Exercise requirements |
Nothing but the lines from the one containing "Wax Lyrical Морской" through the end of the data should be retyped, exactly as they stand, and pictures should not be retyped.

Data provided |
== Segment start ==

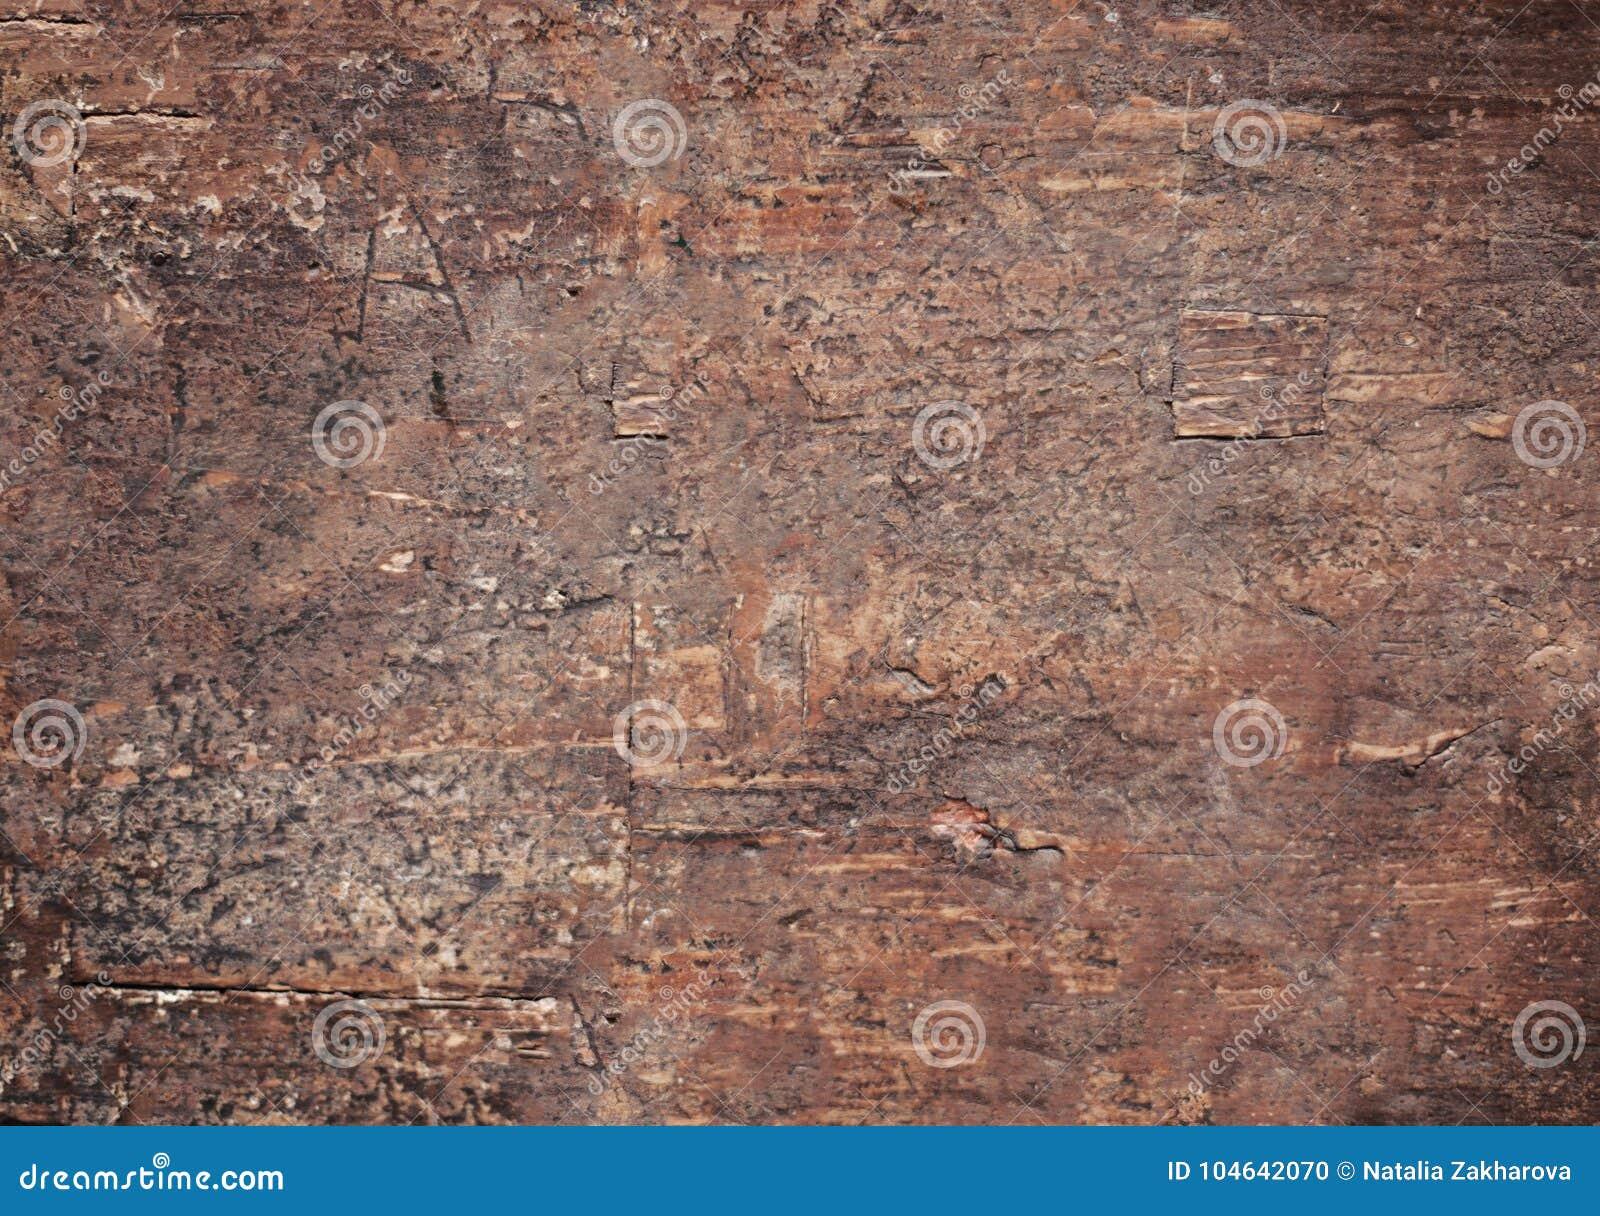 Download Oude Natuurlijke Houten Bruine Sjofele Achtergrond Oude Textuur Van Schors Stock Foto - Afbeelding bestaande uit nave, bruin: 104642070
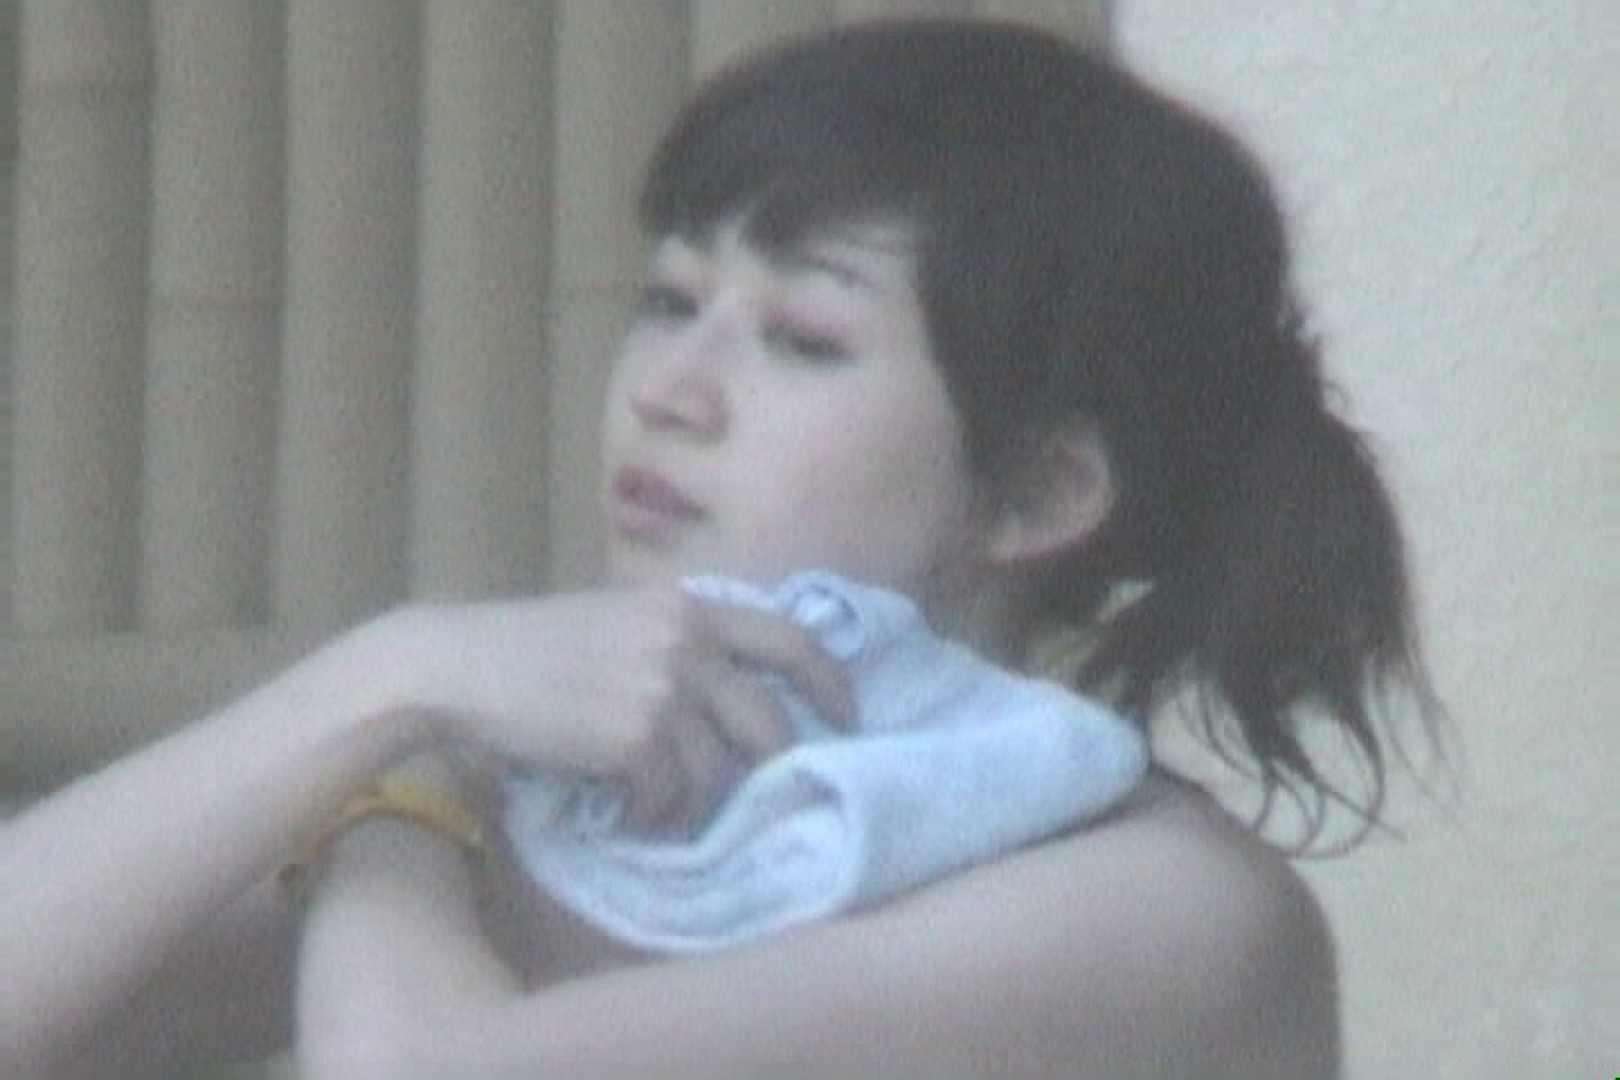 Aquaな露天風呂Vol.83【VIP限定】 美しいOLの裸体  75pic 12
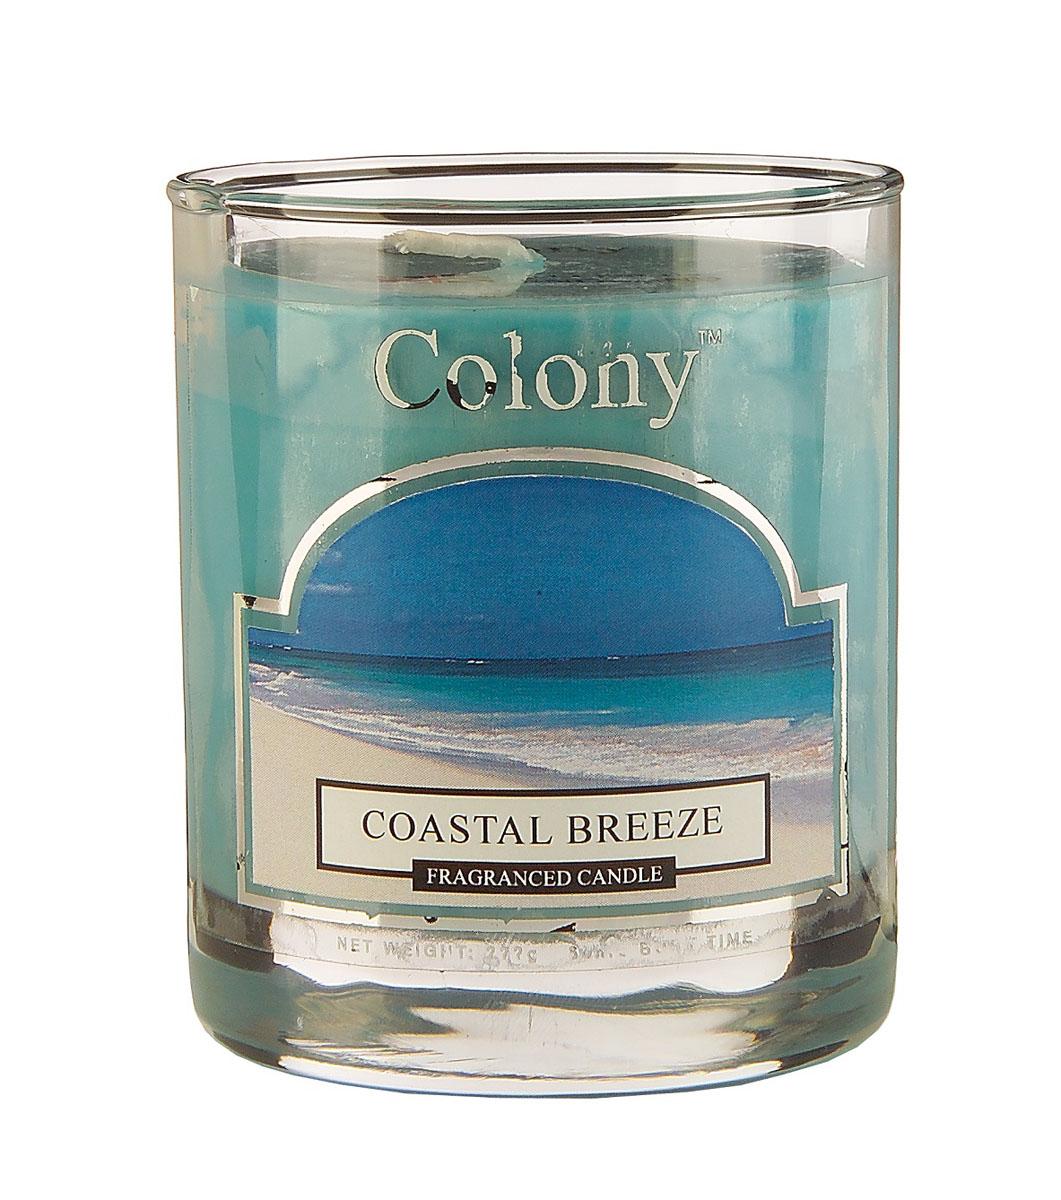 Wax Lyrical Морской бриз ароматизированная свеча в стекле малая, 35 часовCH0667Свежий шипрово-цветочный аромат с инжирными оттенками
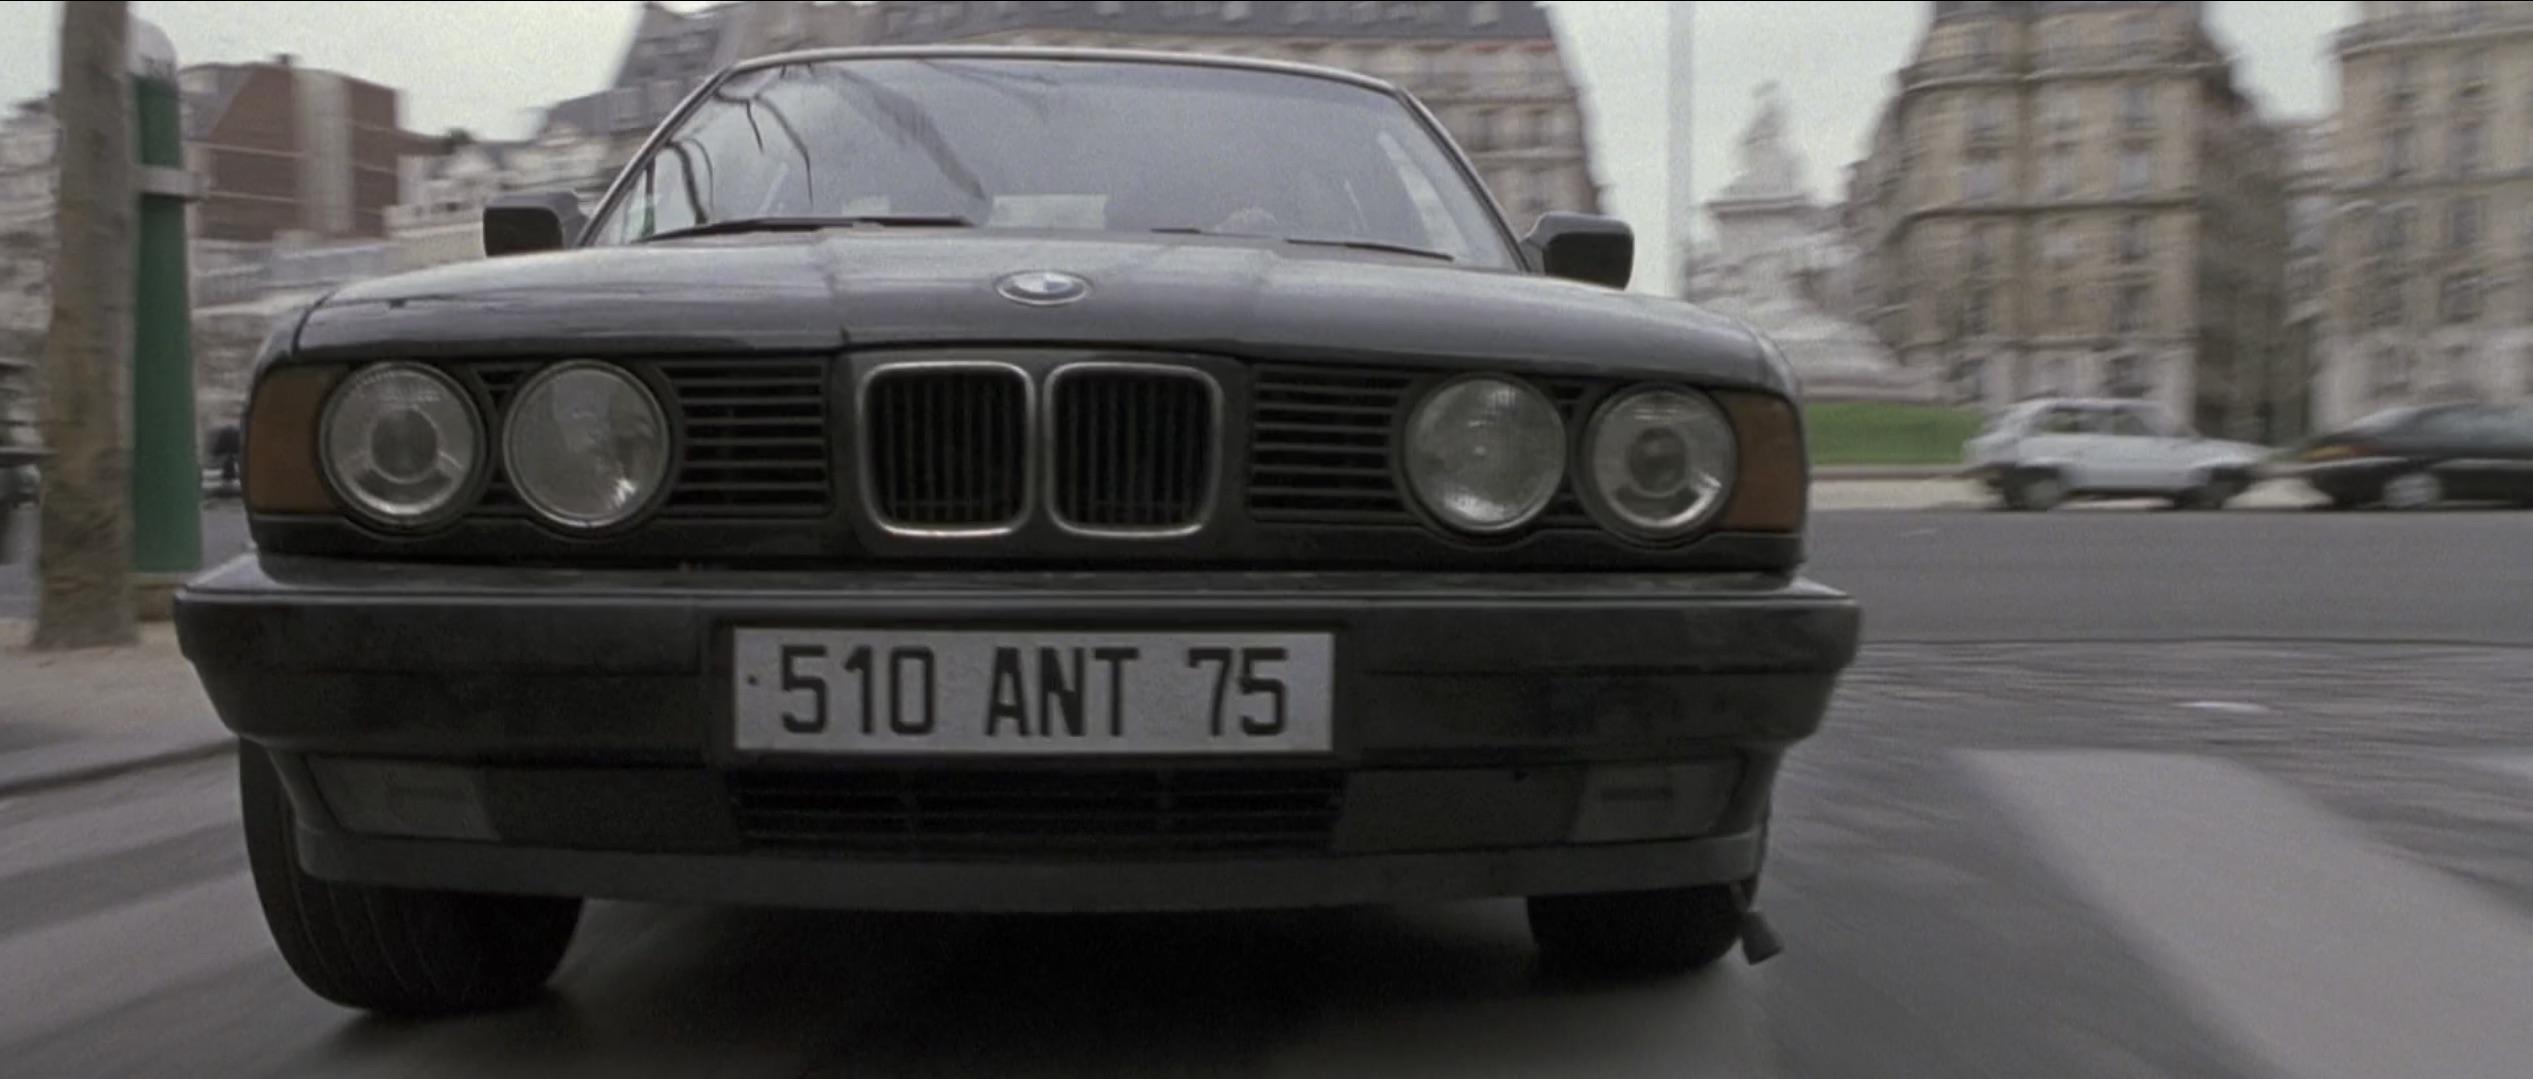 Ronin BMW chase

== Segment end ==

Response to this exercise |
 Wax Lyrical Морской бриз ароматизированная свеча в стекле малая, 35 часовCH0667Свежий шипрово-цветочный аромат с инжирными оттенками
 Ronin BMW chase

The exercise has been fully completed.